> [SUPPLIED DATA]:
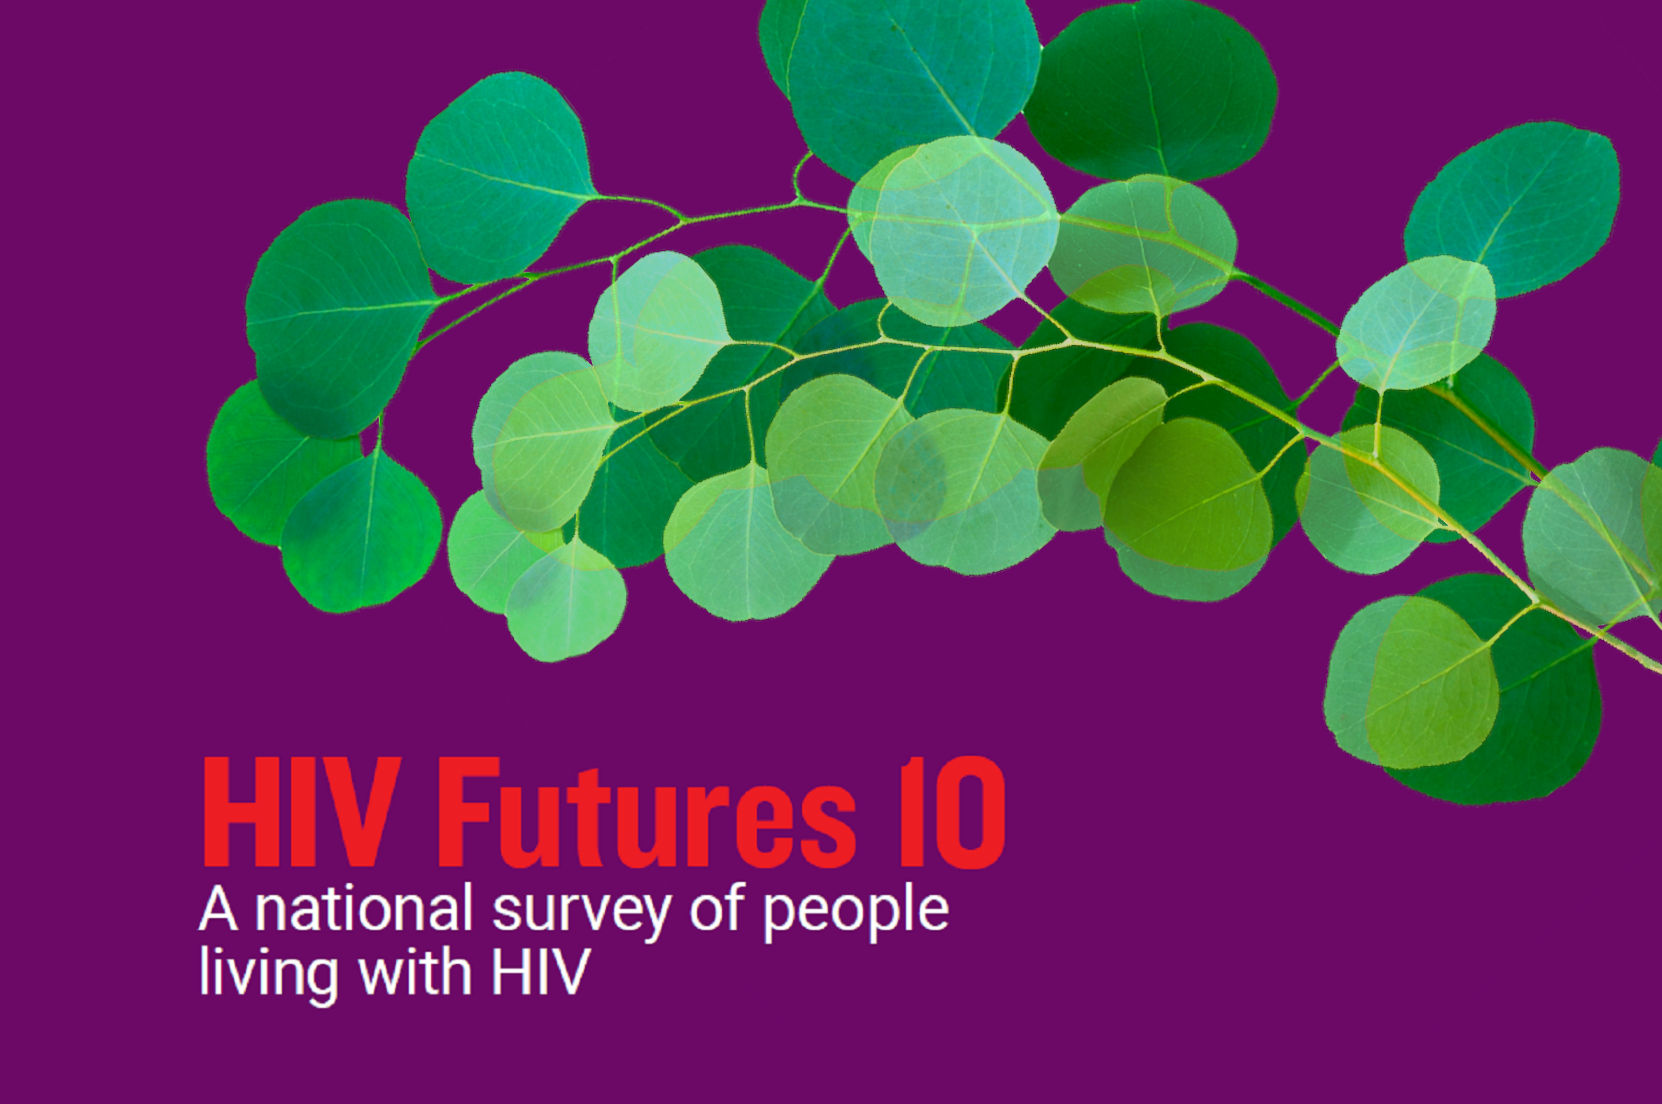 Design of bright green round Silver Princess gum leaves on a plum background with the text 'HIV Futures 10: A national survey of people living with HIV
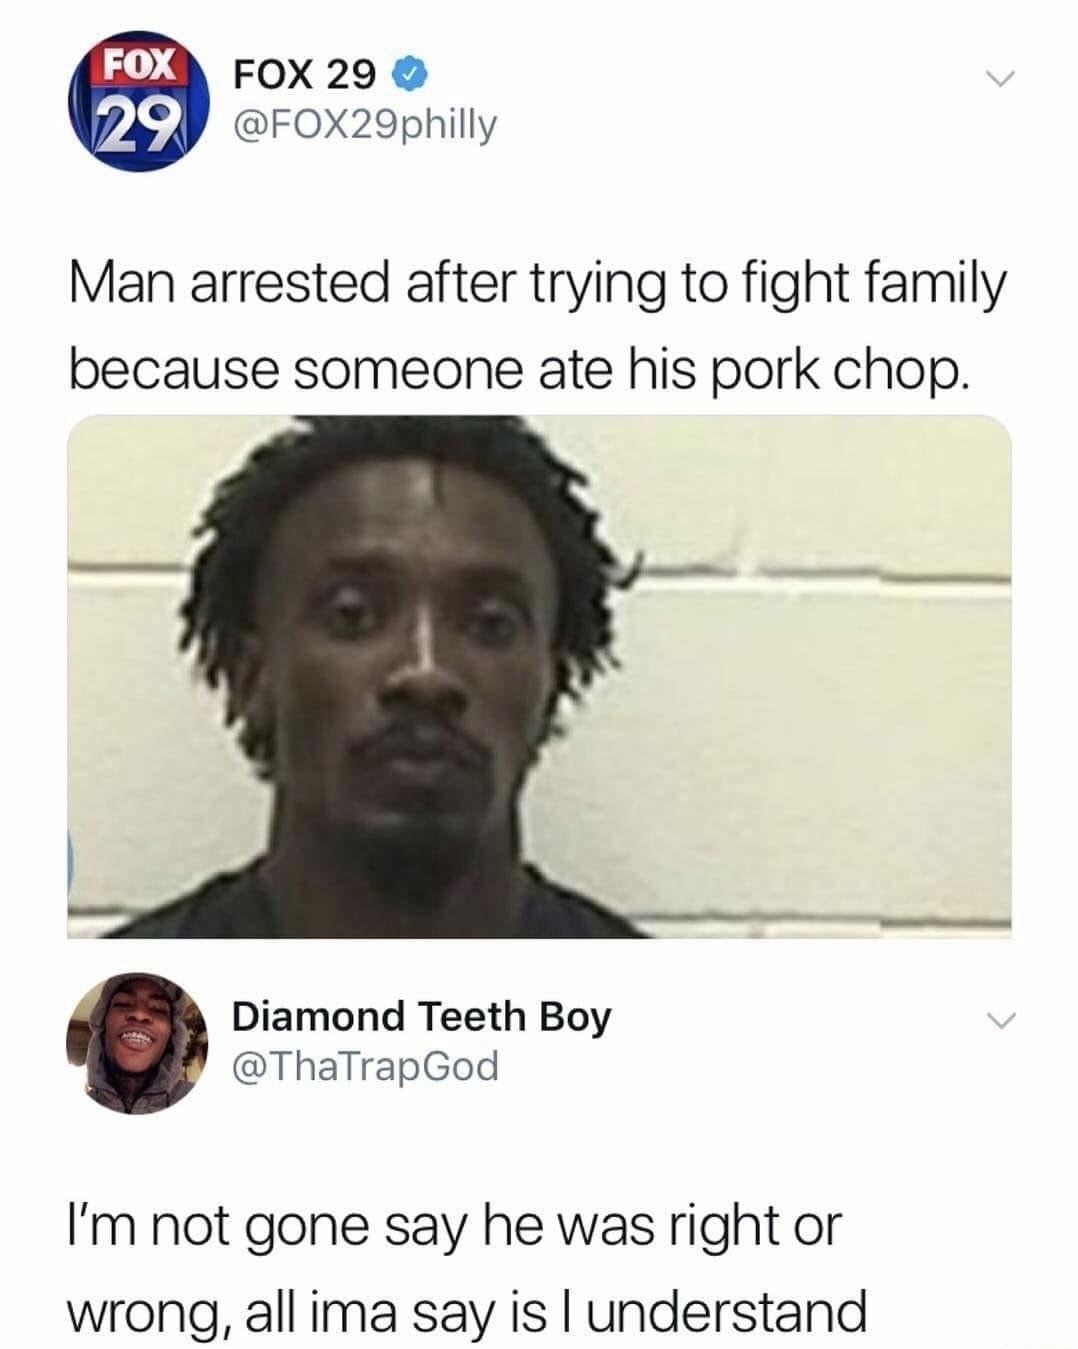 pork chop meme - Fox 29 Fox 29 Man arrested after trying to fight family because someone ate his pork chop. Diamond Teeth Boy I'm not gone say he was right or wrong, all ima say is I understand
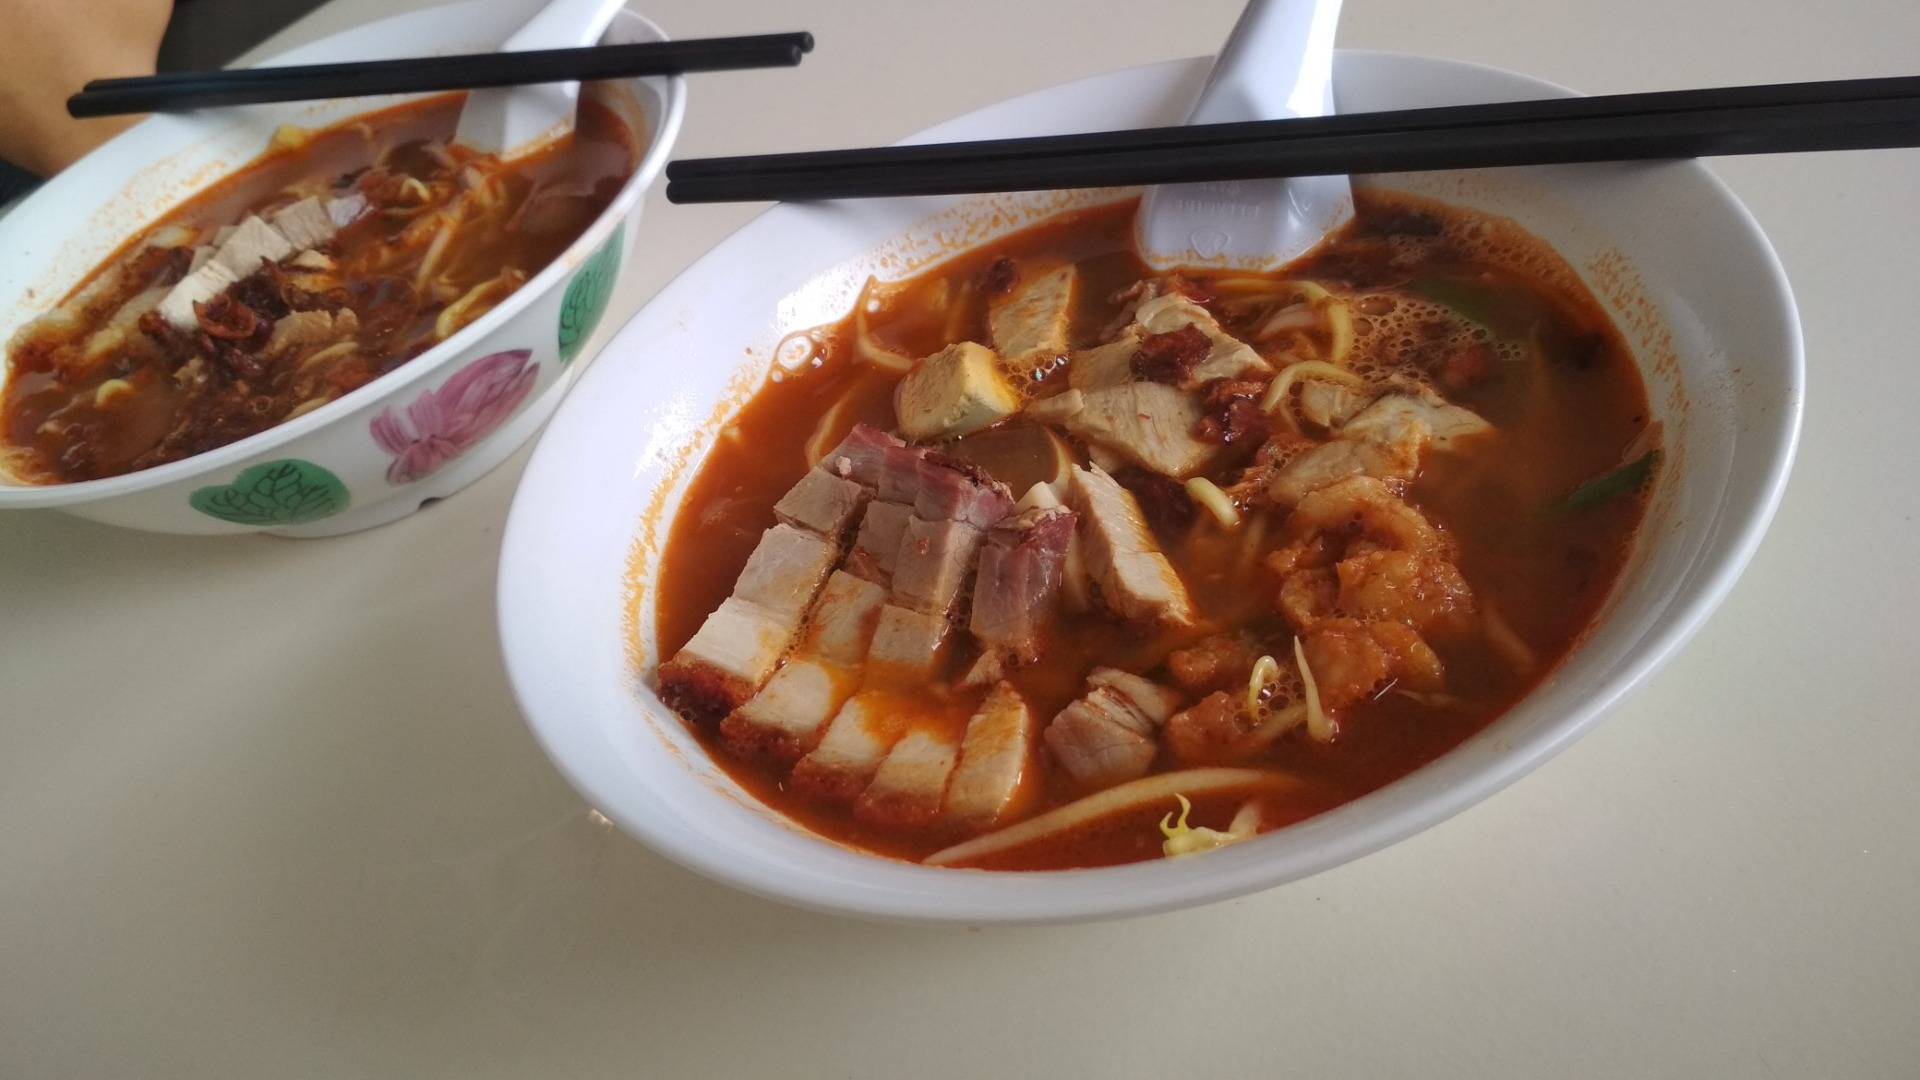 Prawn Noodle is one of the significant delicacies in Penang
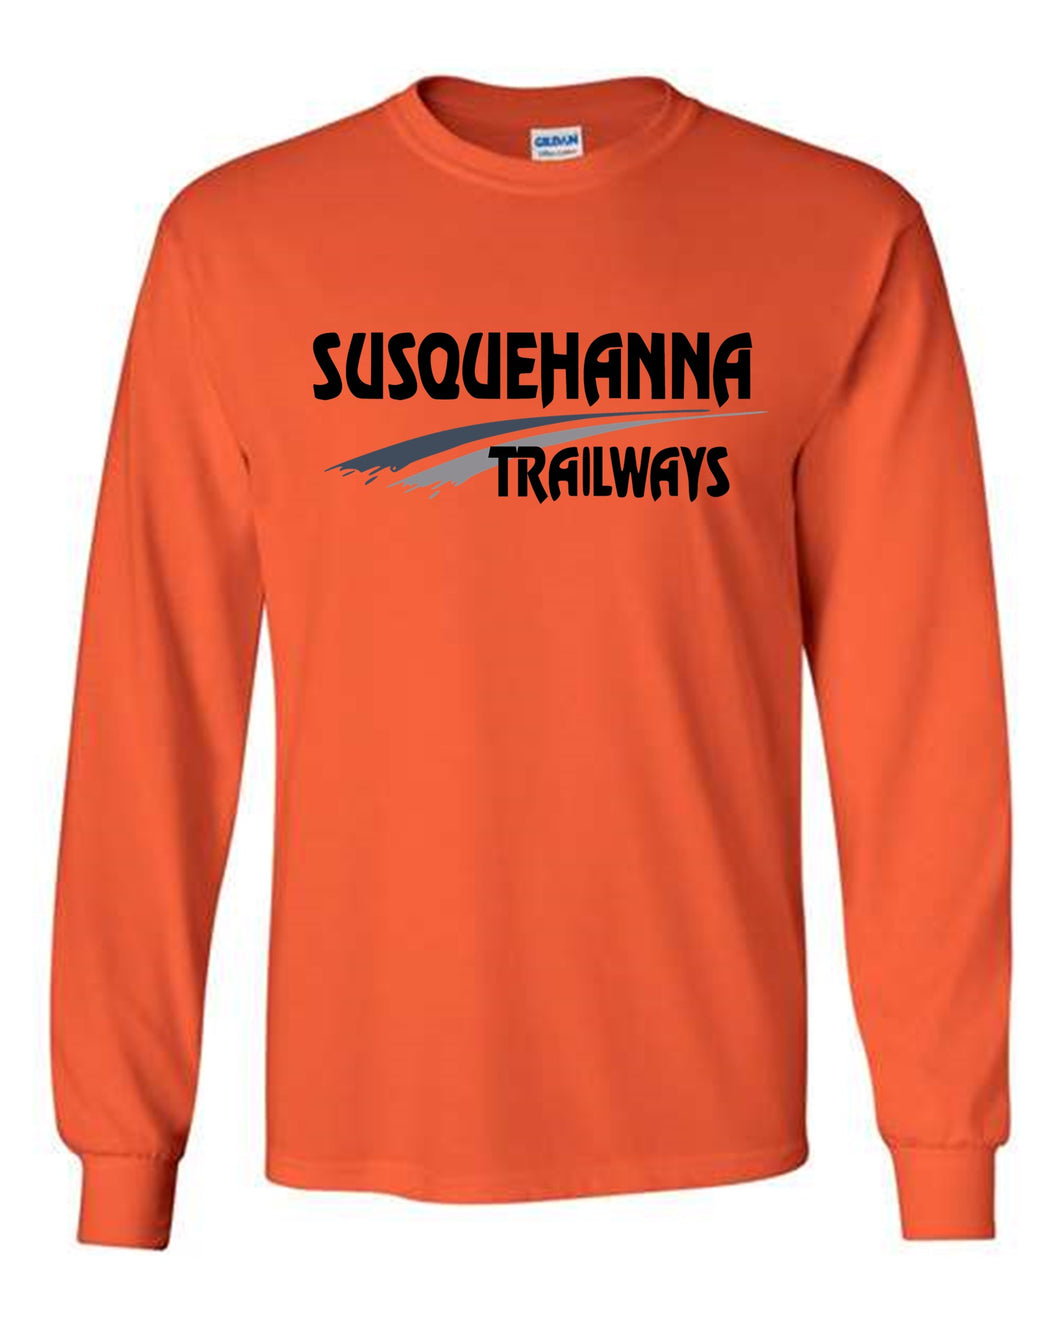 Susquehanna Trailways Long Sleeve - Adult Sizes Only
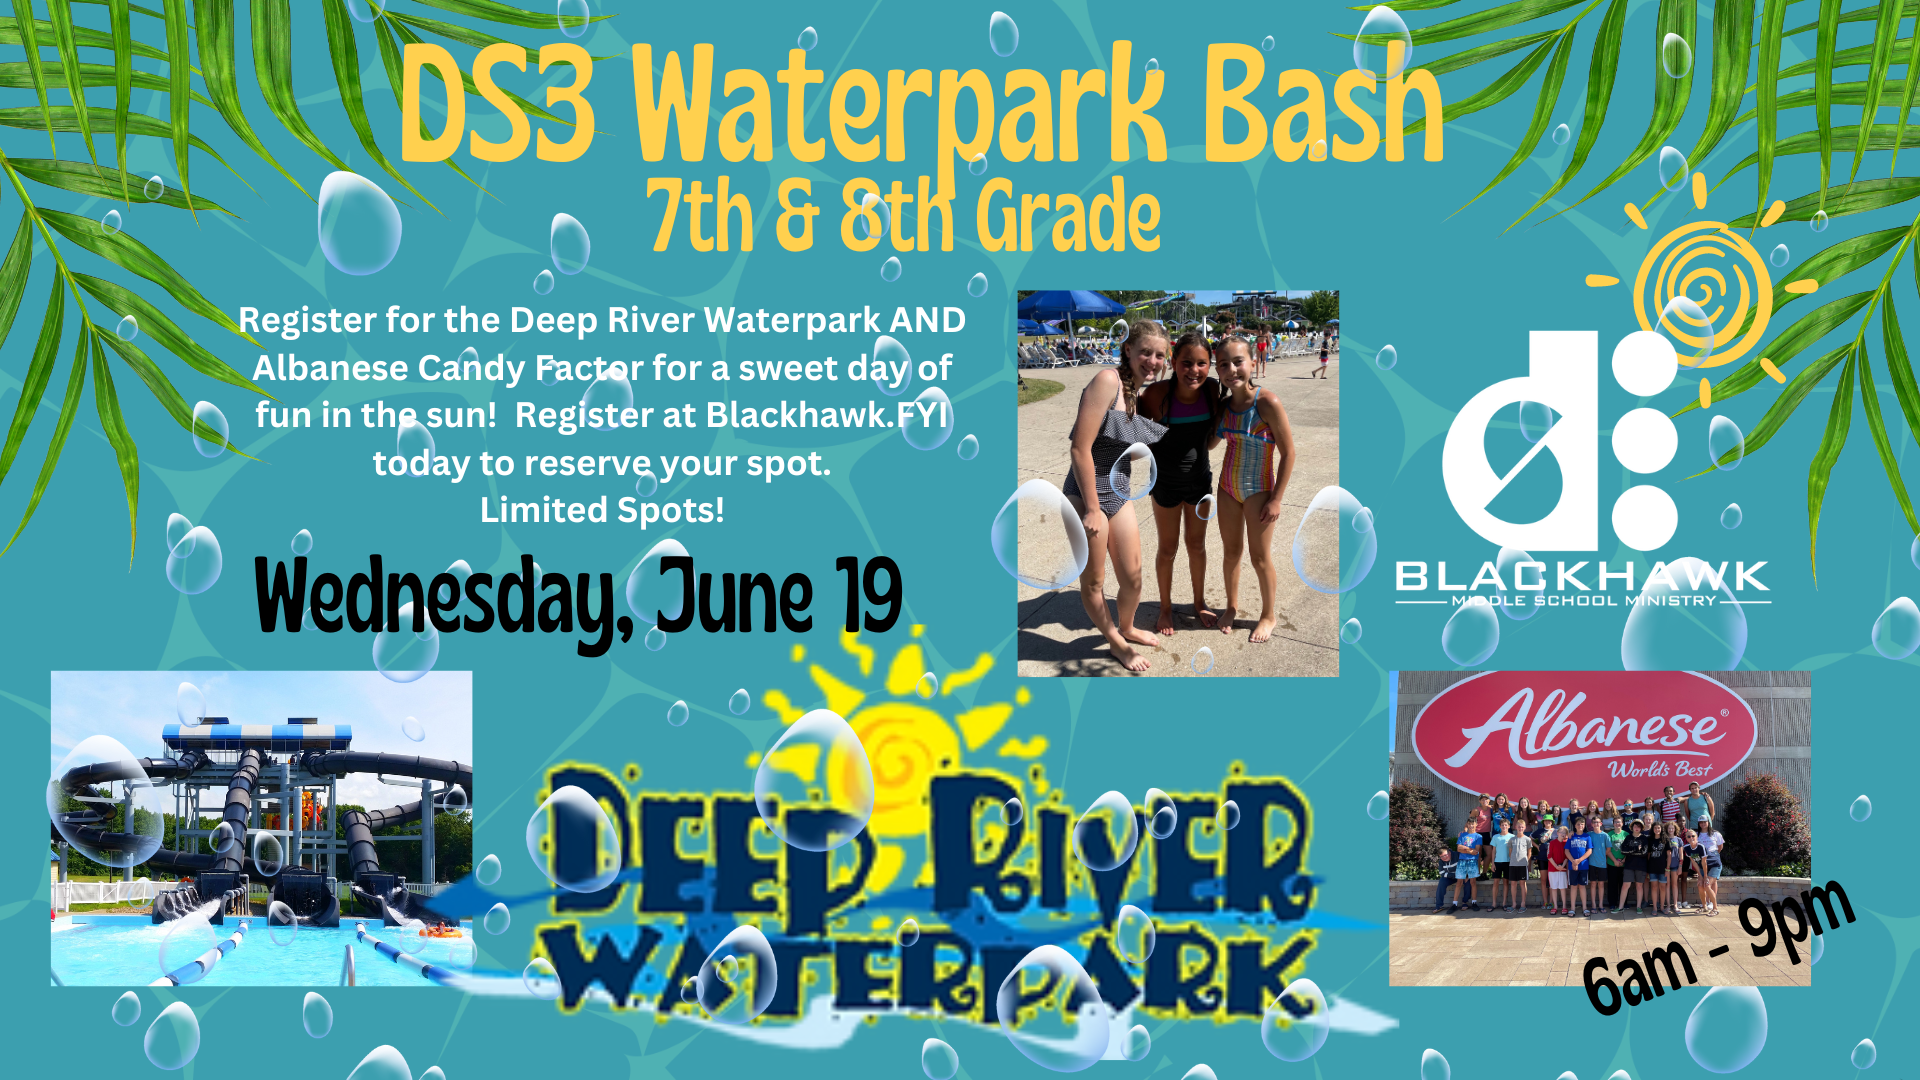 DS3 7th & 8th Grade Sweet Splash Adventure: Deep River Waterpark & Albanese Candy Factory Day

> [YOUR TASK]: In the listing, find the line containing "Prawn Noodle is" and repeat it and every later line through the last one, word for word, excluding the pictures.

> [RESPONSE BELOW]:
 Prawn Noodle is one of the significant delicacies in Penang
 Susquehanna Trailways Long Sleeve - Adult Sizes Only
 DS3 7th & 8th Grade Sweet Splash Adventure: Deep River Waterpark & Albanese Candy Factory Day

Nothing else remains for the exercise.